Let $\poly = \{P_0,\dots,P_{n-1}\}$ denote a set of polynomials with complex coefficients. Let $\pts = \{z_0,\dots,z_{n-1}\}\subset \cplx$ denote any set of {\it sample points}. For any $f = (f_0,\dots,f_{n-1}) \in \cplx^n$, the {\it discrete polynomial transform} of f (with respect to $\poly$ and $\pts$) is defined as the collection of sums, $\{\fhat(P_0),\dots,\fhat(P_{n-1})\}$, where $\fhat(P_j) = \langle f,P_j \rangle = \sum_{i=0}^{n-1} f_iP_j(z_i)w(i)$ for some associated weight function w. These sorts of transforms find important applications in areas such as medical imaging and signal processing.

In this paper, we present fast algorithms for computing discrete orthogonal polynomial transforms. For a system of N orthogonal polynomials of degree at most $N-1$, we give an $O(N\log^2 N)$ algorithm for computing a discrete polynomial transform at an arbitrary set of points instead of the $N^2$ operations required by direct evaluation. Our algorithm depends only on the fact that orthogonal polynomial sets satisfy a three-term recurrence and thus it may be applied to any such set of discretely sampled functions.
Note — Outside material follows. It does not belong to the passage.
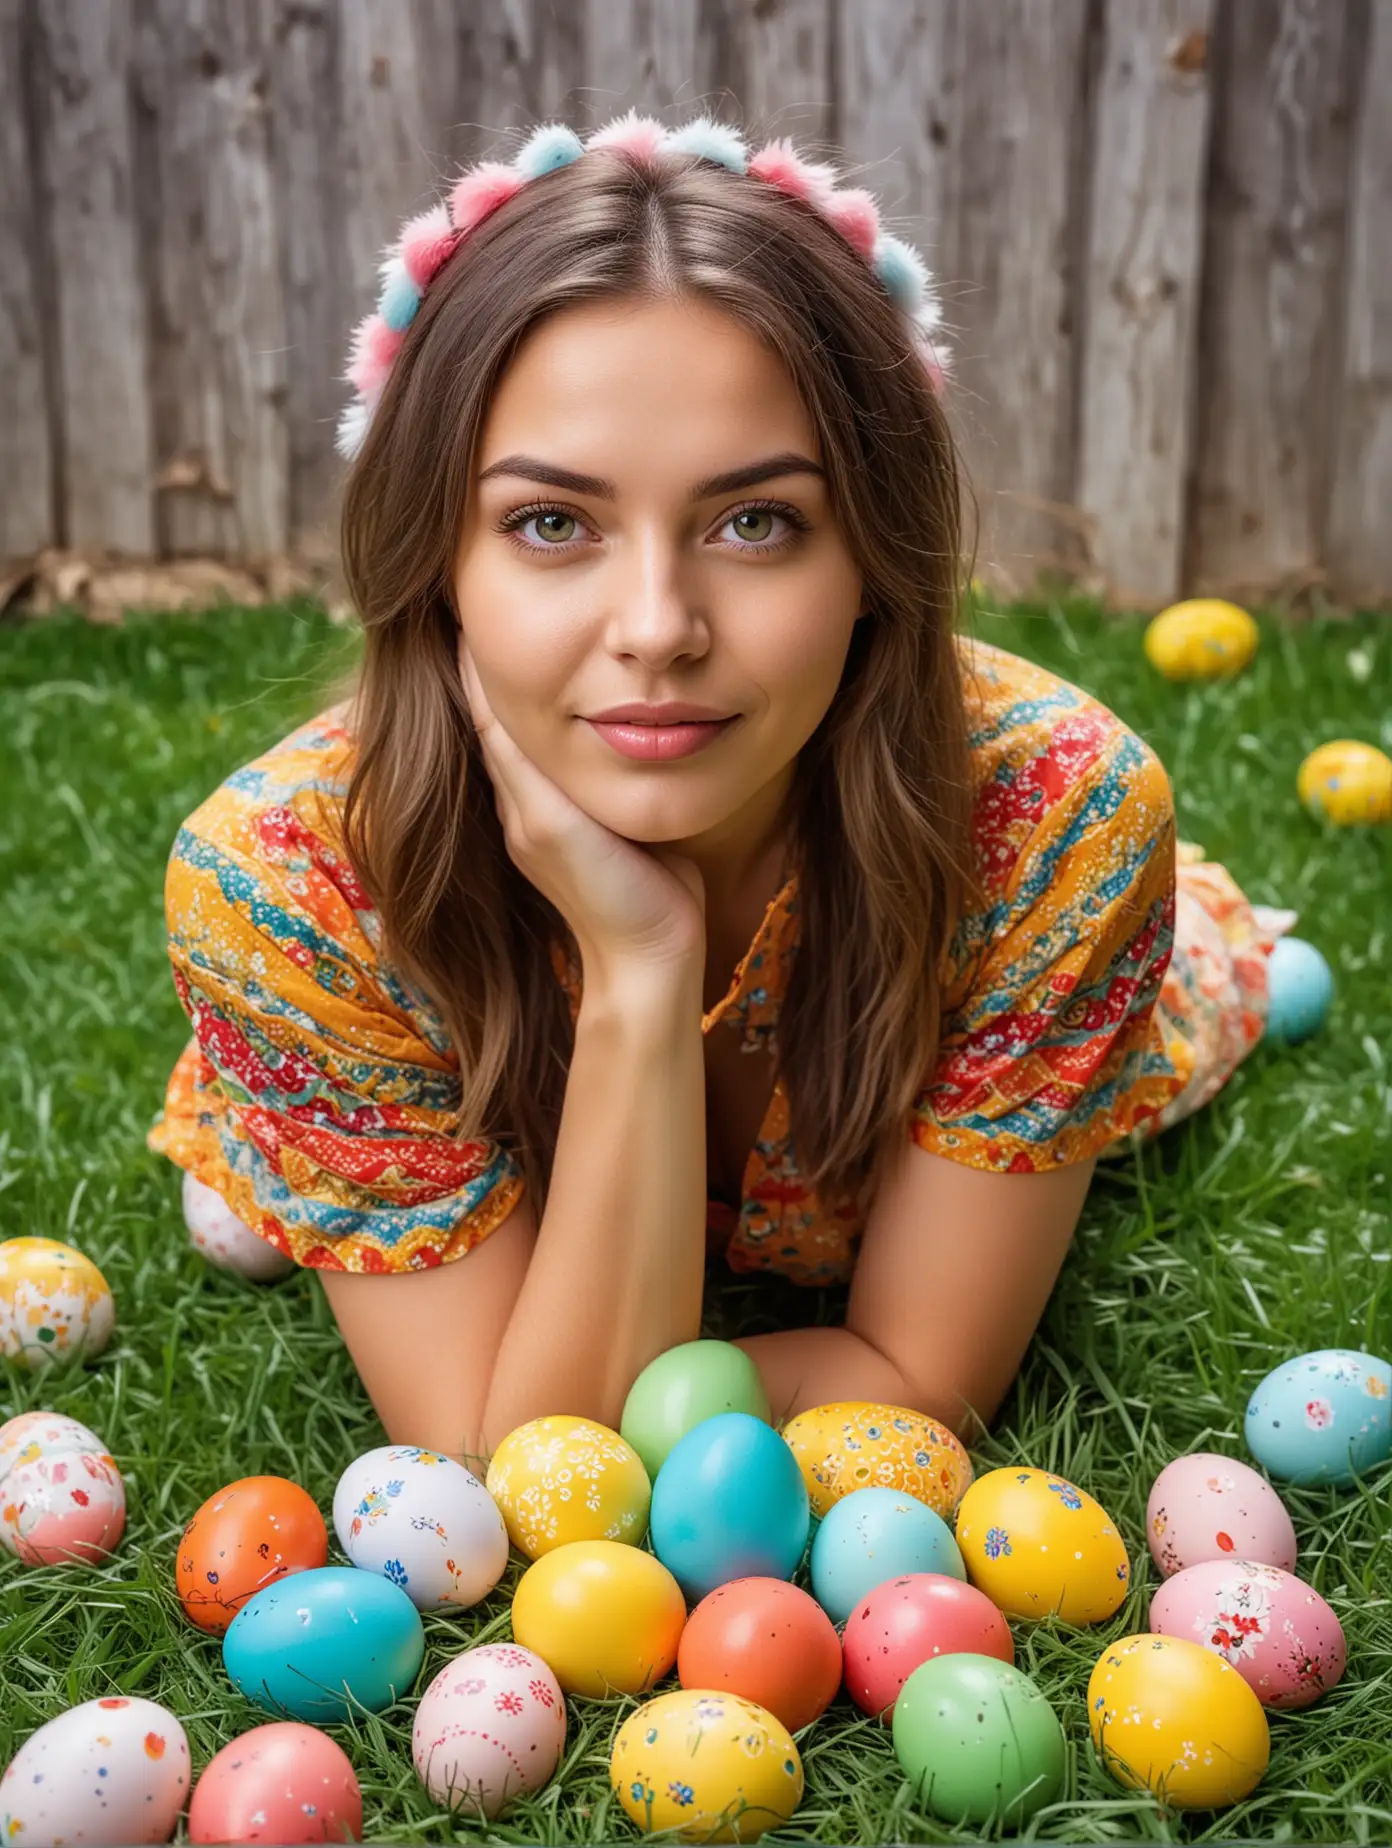 Exquisite Ukrainian Girl Celebrating Easter with Colorful Eggs

In particular, sampled orthogonal polynomials generate the vector space of functions on a distance transitive graph. As a direct application of our work, we are able to give a fast algorithm for computing subspace decompositions of this vector space which respect the action of the symmetry group of such a graph. This has direct applications to treating computational bottlenecks in the spectral analysis of data on distance transitive graphs, and we discuss this in some detail.